Cloppenburg - „Es ist beeindruckend, dass so viele junge Leute sich auf den Beruf einer Altenpflegerin einlassen und mit so viel Engagement und mit solcher Herzenswärme arbeiten“, lobte die Schulleiterin der Altenpflegeschule des St.-Pius-Stifts, Margret Abu-Ghazaleh. Sie seien in einem Bereich tätig, der in der Gesellschaft keine Lobby habe. Derzeit absolvieren 88 Altenpflegeschüler ihre Ausbildung an der Schule. In dieser Woche feierten sie unter dem Motto „Bad taste“ ihr Schulfest.
Nicht nur die Schüler, auch die Lehrer erschienen in schrillen Outfits im Haus „Maria Einkehr“ in Bethen. Organisiert vom Mittelkurs standen verschiedene Spiele auf dem Programm. Die angehenden Altenpfleger versuchten sich auch im Spontantheater. Ein Menschenmemory sollte das Kennenlernen der verschiedenen Kurse – am 1. August haben 30 neue Altenpflegeschüler ihren Dienst angetreten – fördern. Darüber hinaus hatten die Schüler auch eine Präsentation über ihre Lehrer vorbereitet, in der die kleinen Eigenarten der Pädagogen humorvoll herausgestellt wurden. Zum Mittagessen gab es dann Gegrilltes vom Holzkohlengrill.

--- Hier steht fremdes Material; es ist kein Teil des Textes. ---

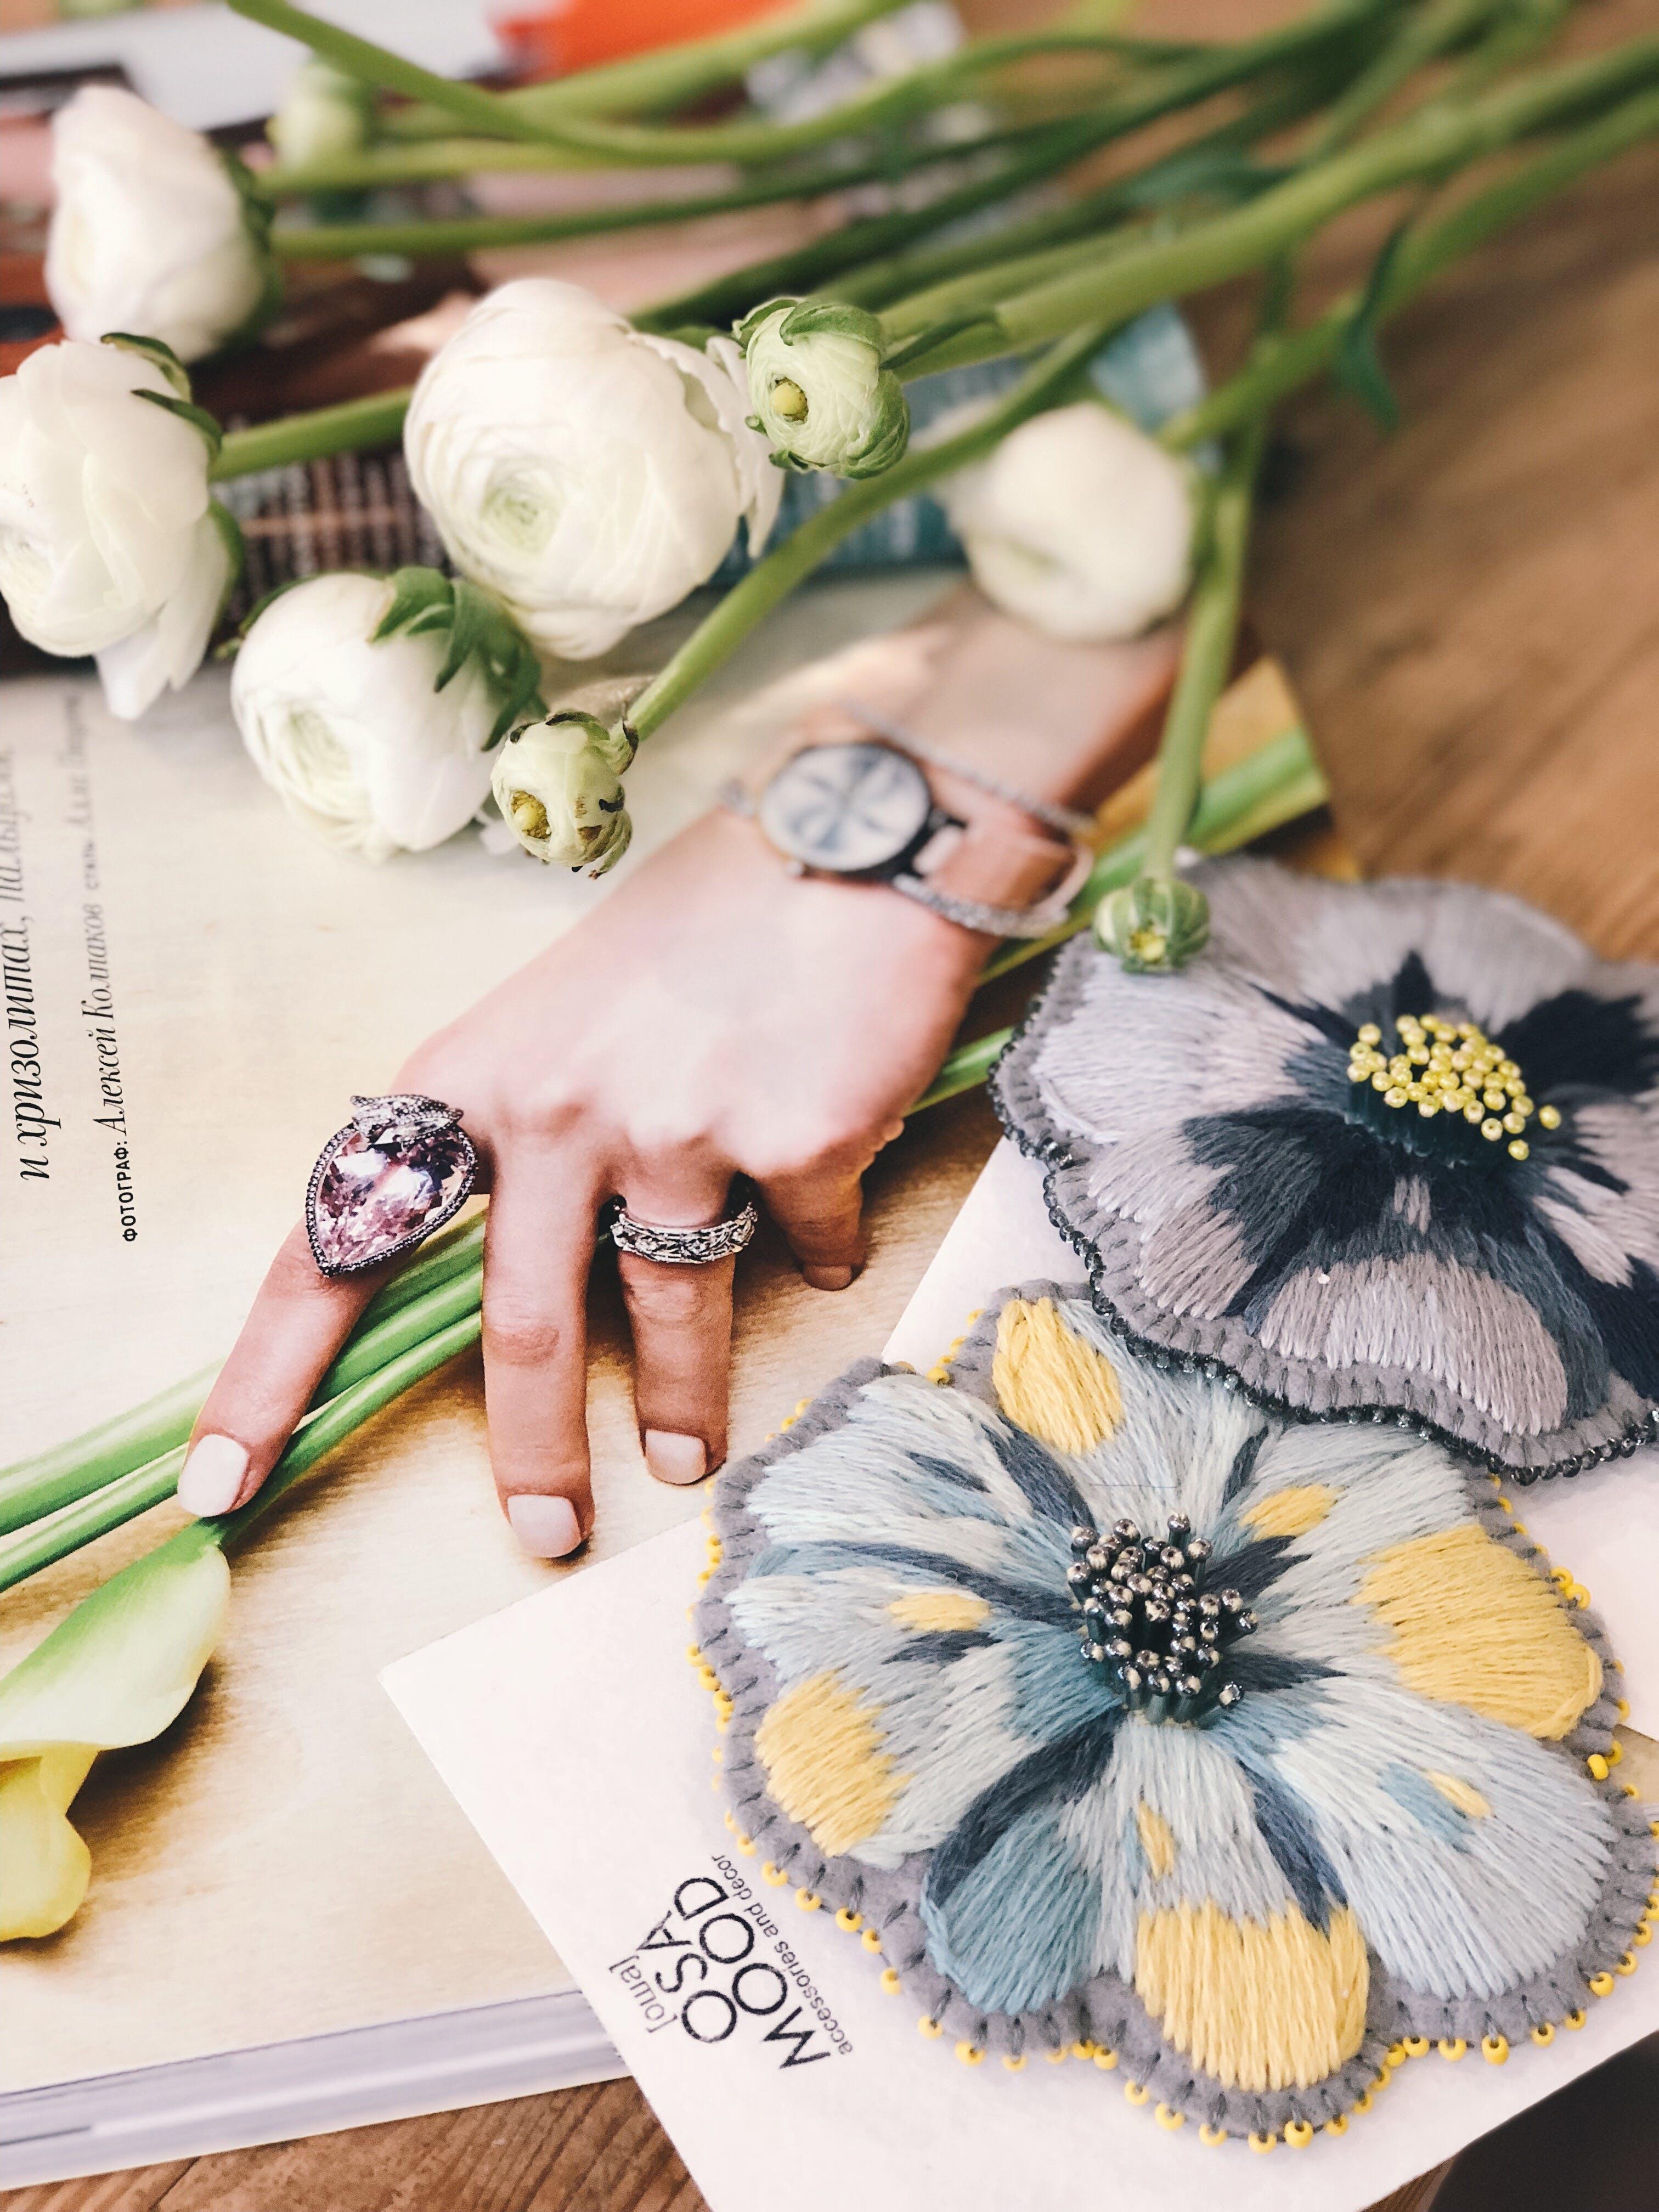 Безкоштовне стокове фото на тему «Великдень, весілля, вродлива, делікатний»

„Das erste Jahr war anstrengend“, erzählt der gelernte Informatiker Philipp Göwert, der als Zivildienstleistender die Liebe zu seinem jetzigen Beruf entdeckt hat. „Aber ich arbeite gern in der Pflege, auch wenn es manchmal hart ist.“ Wie an Heiligabend, als im Altenheim eine ihm gut bekannte Bewohnerin gestorben ist. „Die Enkelin war bei mir im Kurs.“
Christine Seling lernte über ihre Mutter die Arbeit im Altenheim kennen. Besonders gefreut hat sich die Harener Abiturientin, als sie zu ihrem Geburtstag eine Karte von einer Bewohnerin eines Heimes erhielt, in dem sie nur ein Praktikum gemacht hatte.

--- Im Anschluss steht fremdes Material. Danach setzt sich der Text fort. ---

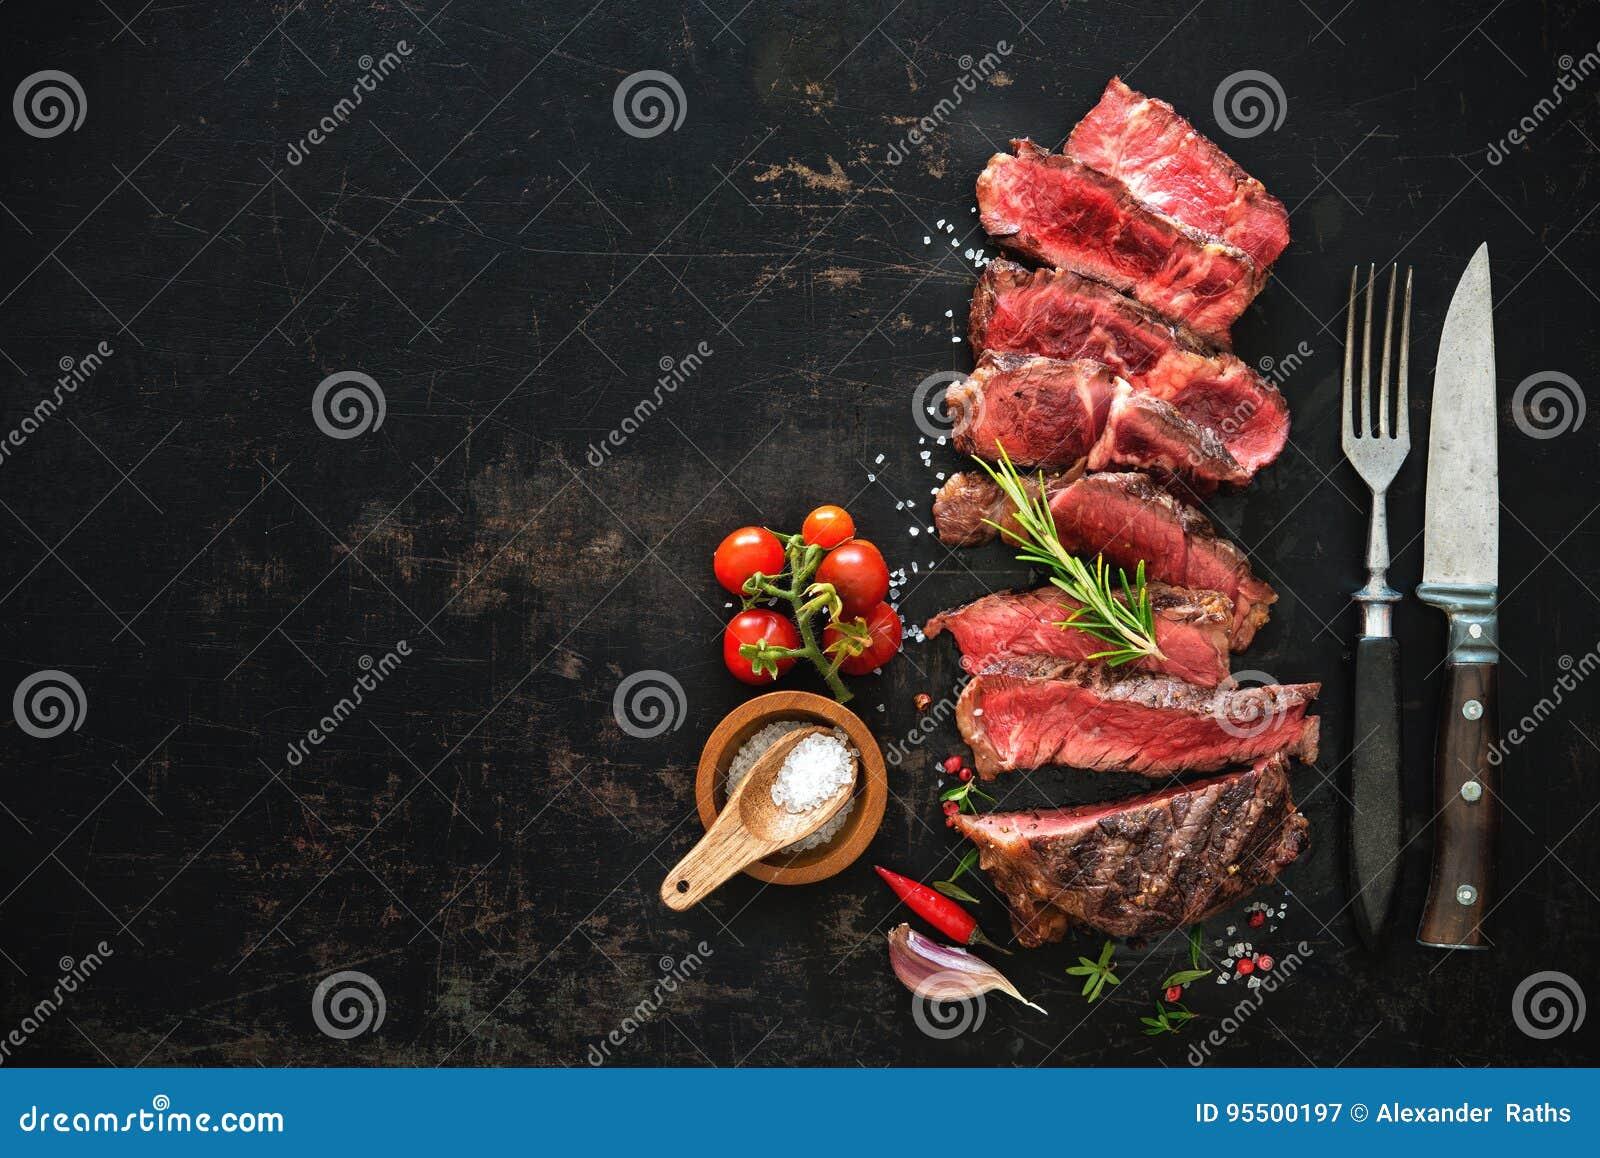 Geschnittenes halb gares gegrilltes Rindfleisch ribeye Steak

Sechs dreimonatige Praktika haben die angehenden Altenpfleger zu absolvieren, wobei das erste und das letzte in demjenigen Altenheim stattfindet, in dem sie angestellt sind. Vier Praktika sind bei Kooperationspartnern – die Cloppenburger Altenpflegeschule hat davon 22 – zu absolvieren. Christine Seling und Philipp Göwert fanden es schwer, von zu Hause auszuziehen und in Oldenburg, Friesoythe oder Haren an der Ems zu wohnen, auf sich allein gestellt zu sein, um im dortigen Heim das Praktikum zu machen.
Zwischen den Praktika laufen Theorieblöcke. In den ersten drei Monaten zum Berufsanfang werden die Grundlagen der beruflichen Arbeit gelegt. In den Praktika haben die Schüler die Möglichkeit, die theoretischen Dinge in die Praxis umzusetzen und Erfahrungen mit Hilfe der betreuenden Praxisanleiter und bei Hospitationen zu sammeln.
„Es ist einfach toll mitzuerleben, wie aus den jungen Schülern in der Ausbildung oftmals richtige Persönlichkeiten werden, Für mich gibt es keinen schöneren Beruf, als diese jungen Leute bei ihrer Ausbildung zu begleiten“, begeistert sich Schulleiterin Abu-Ghazaleh. „Ich habe einen tollen Beruf gefunden. Er füllt mich aus und macht mir Spaß“, freut sich auch die Molbergerin Maria Minich, die wie Christine und Philipp zu den Organisatoren dieses Schulfestes gehörte.